Panic Attacks? Definitely Possible
Somto Dimobi,’19, Egineering
Before college, I thought I knew how to study perfectly, and I had never experienced anything close to a panic attack, especially not in an exam hall. In my head, exams, academics and I were a trio of best friends. Until my sophomore year, I had no clue about the concept of mental health or good wellbeing practices. So, what exactly happened in my sophomore year?
It was 8:30 am and I sat on one of the tables in front of the Stevenson Library finalizing my study for my third calculus midterm exam. I had already been studying for 4 hours and I had definitely felt worse about past exams and still did well. My exam was scheduled to start by 9:00 am, so I was getting ready to head out when I realized that my mind had drawn a blank. It was like I had forgotten everything I had read for the exam. I frantically flipped through pages, trying to regain the composure I had just 30 minutes ago, but to no avail. I even decided to go a bit late for the exam (never do this unless you are absolutely sure time would not be a constraint), to try and re-read as much as I could. When I finally walked into the exam hall, I could not write anything down. Even the problems I could figure out just kept going around in circles in my head. I was crying and shaking and replaying worst-case scenarios of getting a terrible GPA and ruining my chances of getting a good job post-graduation. When I handed in my exam sheet, I had only succeeded in answering just two out of the questions asked. Shaken, I ran to the Center for Student Wellbeing (CSW) asking to speak to someone. I spent the next 30 minutes crying to a counselor while he tried to calm me down and help me plan strategic next steps, one of which involved going to talk to the professor.
To cut the long story short, I was able to explain everything to my professor who allowed a final replacement because apart from the panic episode, I had gotten A’s in the first two exams and had been consistent with asking questions and going to office hours throughout the course. This story is one example from many of why it is important to build relationships with professors and other staff on campus.

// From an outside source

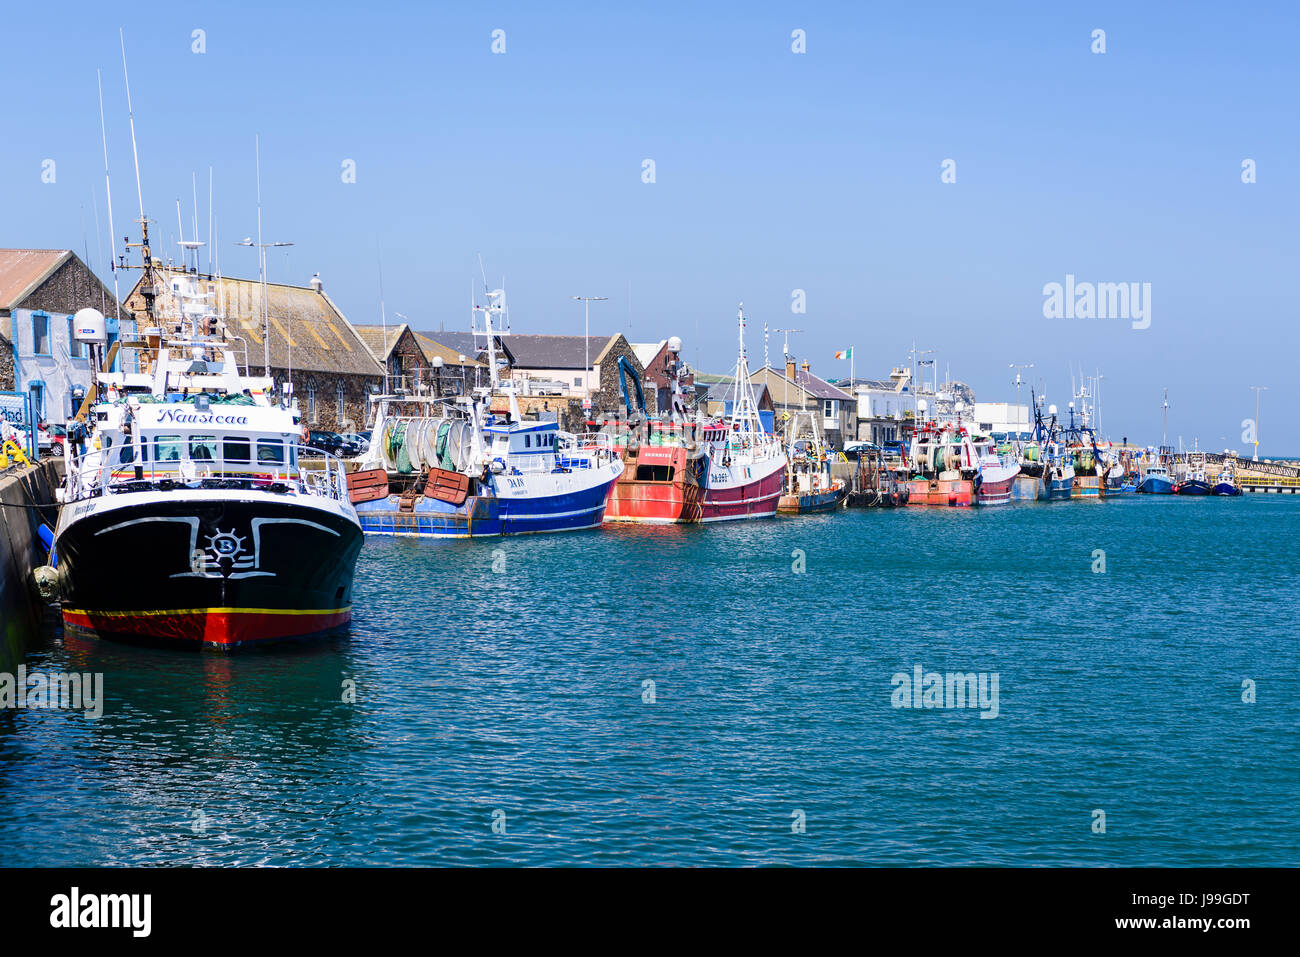 Trawlers berthed in Howth Harbour, Dublin, Ireland. Stock Photo

The more vital part of my story, however, was the realization that my weekly all-nighters, inconsistent sleep schedule and lack of exercise were not sustainable and I had to start taking care of myself. I was not about to encourage another panic attack, especially since I had acknowledged that it could happen. I started having bi-weekly appointments with the CSW to build healthy mental practices including meditation, exercise, and proper time management. The counselor I saw was really great and helped keep me accountable too. It was also really cool to consistently use one hour to reflect upon how I much I had grown or slacked in recent past and find out ways to improve. That semester, albeit its rocky start, was one of the most pivotal for me growth-wise. I developed a habit of introspection and started putting a lot of effort into living a healthy mental life. It also showed me how important the mental health resources on campus were as I had a first-hand experience with CSW.
As a final word, we all know it gets hard and the struggle at one of the most highly ranked colleges in the U.S. is as real as it gets. Academic deadlines, engineering projects, extracurriculars, dance practices etc. may become overwhelming and it is really easy to slip into a constant robotic routine where self-care is the least of your worries. BUT, especially then, we should remember to take care of ourselves, our friends and open up to the people and resources around us. Panic attacks definitely happen, and though not all professors are as understanding as mine, lifestyle changes can prevent recurrences while campus resources can help with coping.